Here’s the state of recycling in 2012 compared to the rate envisioned in the future scenario.
Enlarge / Here’s the state of recycling in 2012 compared to the rate envisioned in the future scenario.

Paper air plan

The results show that, even with a moderately cleaner energy system in 2050, doubling the rate of recycling while increasing overall production would lead to slightly more emissions than the 2012 baseline. But with more aggressive improvements across the board, substantial emissions reductions would be possible.

Put another way, hitting targets consistent with that 2°C warming goal requires greater improvements to the energy supplying recycling activities and to landfill management. Otherwise, trading out virgin paper production (with its use of carbon-neutral fuels) for recycling plants running on fossil fuel energy leaves emissions treading water.

Calculated emissions for the paper industry in 2012 and the three 2050 scenarios, which contain different amounts of improvements in things like our energy mix.
Enlarge / Calculated emissions for the paper industry in 2012 and the three 2050 scenarios, which contain different amounts of improvements in things like our energy mix.

Breaking the results down by individual factors illustrates what’s going on. If nothing else changed from 2012, maxing out paper recycling would increase emissions for the paper industry. But cleaning up the grid (and/or reducing emissions from fuels burned for heat) has a large impact on the industry’s carbon footprint. Secondary to that, reducing emissions from paper that does end up in landfills—by capturing methane and burning it to generate electricity—would also have a significant impact.

So if your focus is solely on reducing greenhouse gas emissions, paper recycling isn’t the lever you pull. Instead, you target the factors surrounding paper recycling (and many other things). But given success on those things, increased paper recycling is perfectly consistent with global emissions targets. In the scenario with the most aggressive improvements, the researchers calculate that paper industry emissions could be slightly less than zero.
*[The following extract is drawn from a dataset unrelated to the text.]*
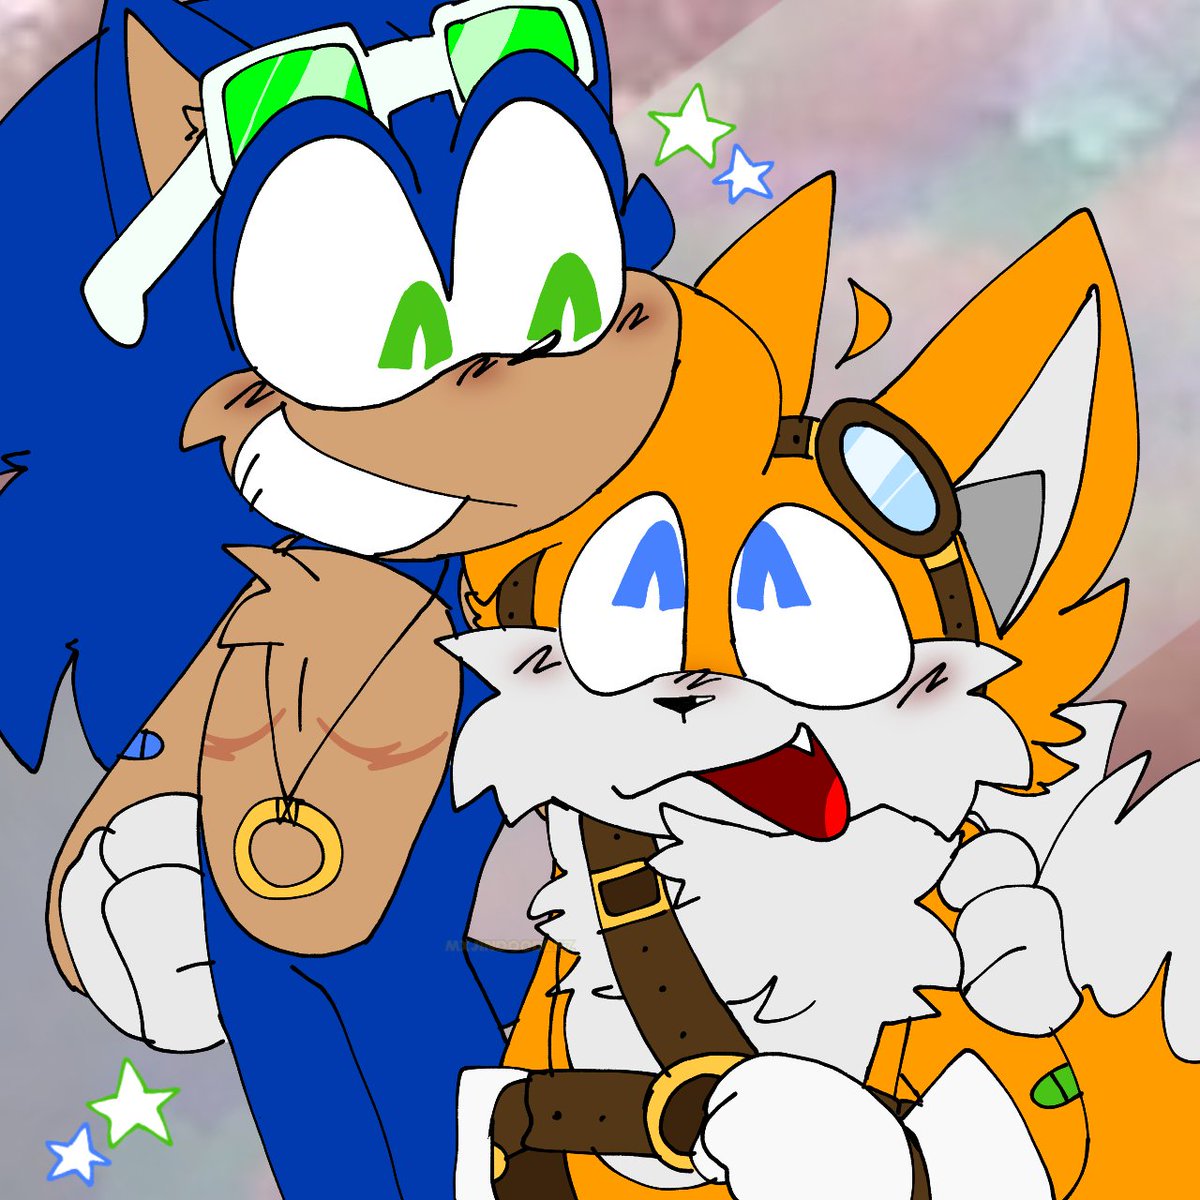 drew the brotherz again ! !! missed these two :33

[ #sonicthehedgehog #sonic #milestailsprower #tails ]

That is, the growing amount of paper products in circulation would represent a bit more carbon than was released to make them.

Of course, paper recycling can have benefits separate from greenhouse gas emissions. Ideally, it helps reduce deforestation and habitat loss—which would also improve the bottom line for emissions. There are no sustainability silver bullets, but this study shows that paper recycling can at least fit in the puzzle.

Nature Sustainability, 2020. DOI: 10.1038/s41893-020-00624-z (About DOIs).